_TASK GOAL_. The reply should hold only the lines from the one with "Мишура новогодняя Magic" to the one with "Small Businesses + social media", both ends kept, exactly as they appear below, without any pictures.
───── LISTED RECORDS ─────
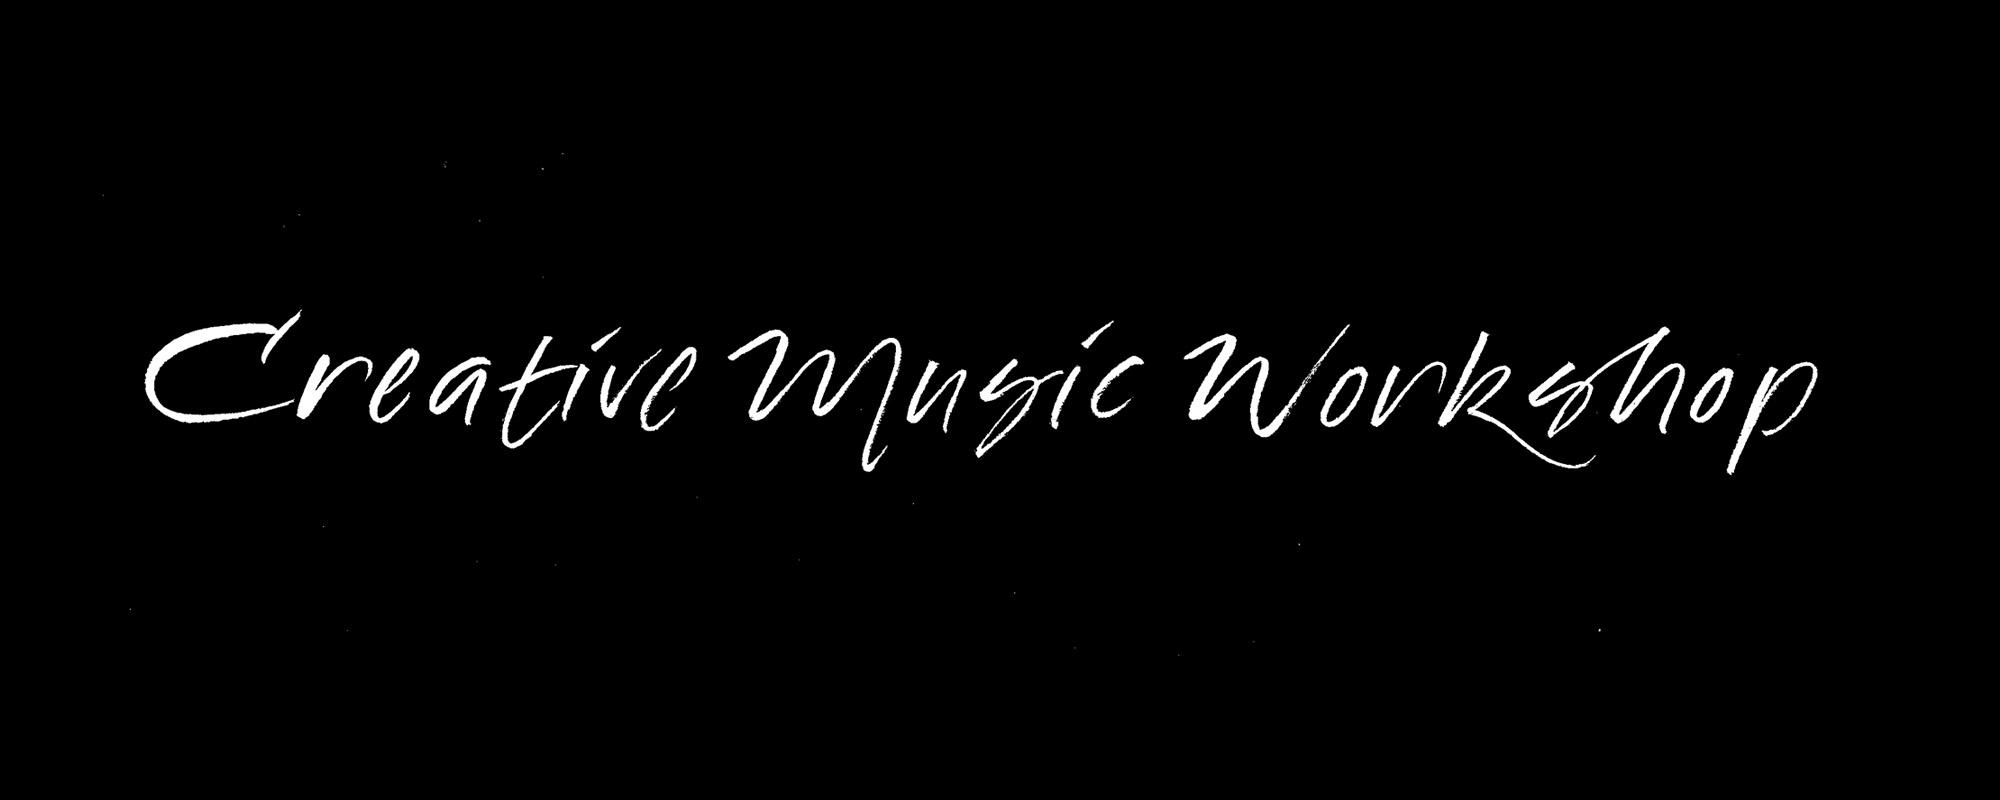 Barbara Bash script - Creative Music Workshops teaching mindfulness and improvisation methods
─────
───── LISTED RECORDS ─────
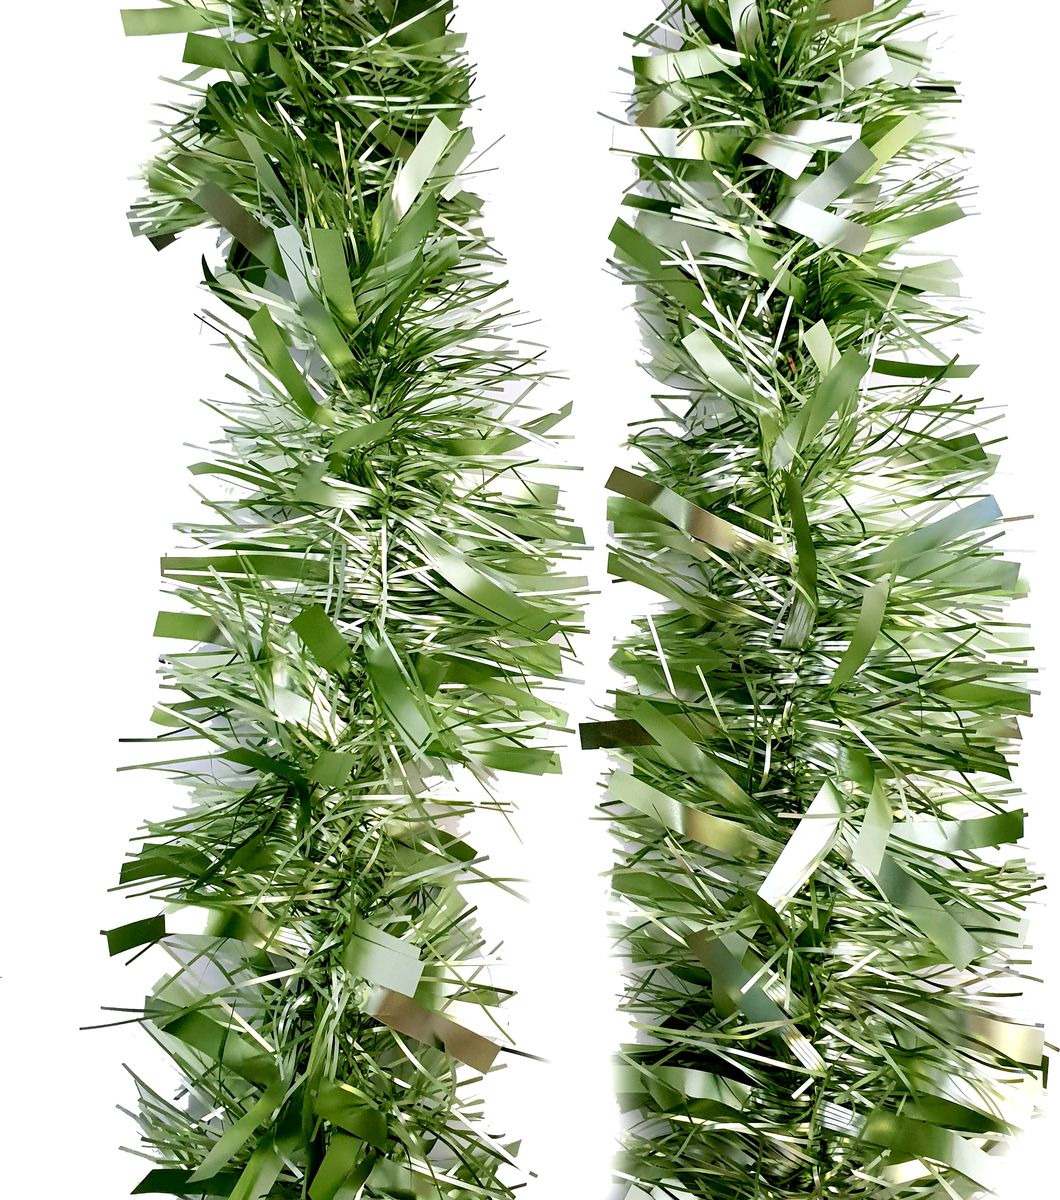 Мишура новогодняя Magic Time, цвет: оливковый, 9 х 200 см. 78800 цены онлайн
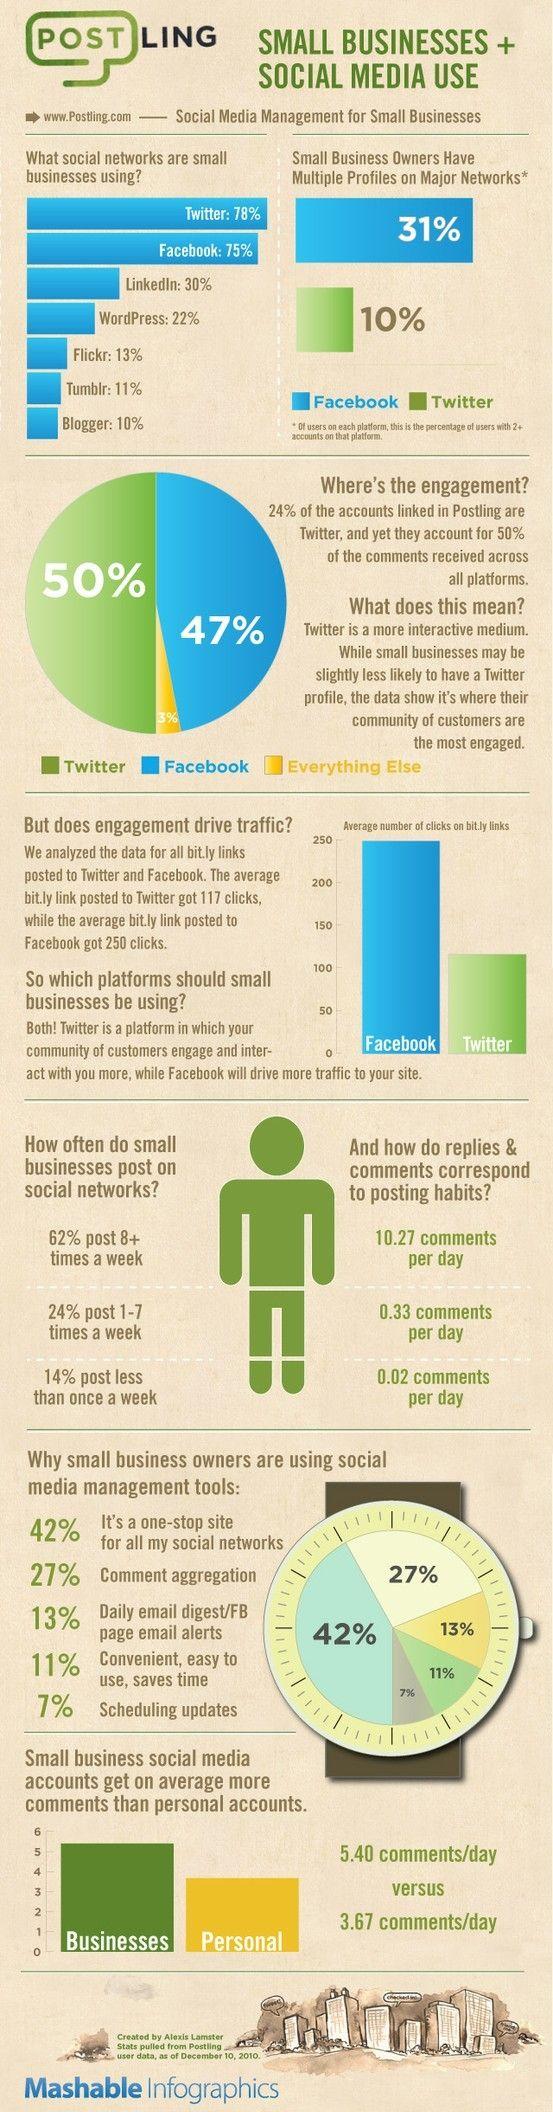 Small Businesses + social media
─────
_TASK SOLUTION_.
 Мишура новогодняя Magic Time, цвет: оливковый, 9 х 200 см. 78800 цены онлайн
 Small Businesses + social media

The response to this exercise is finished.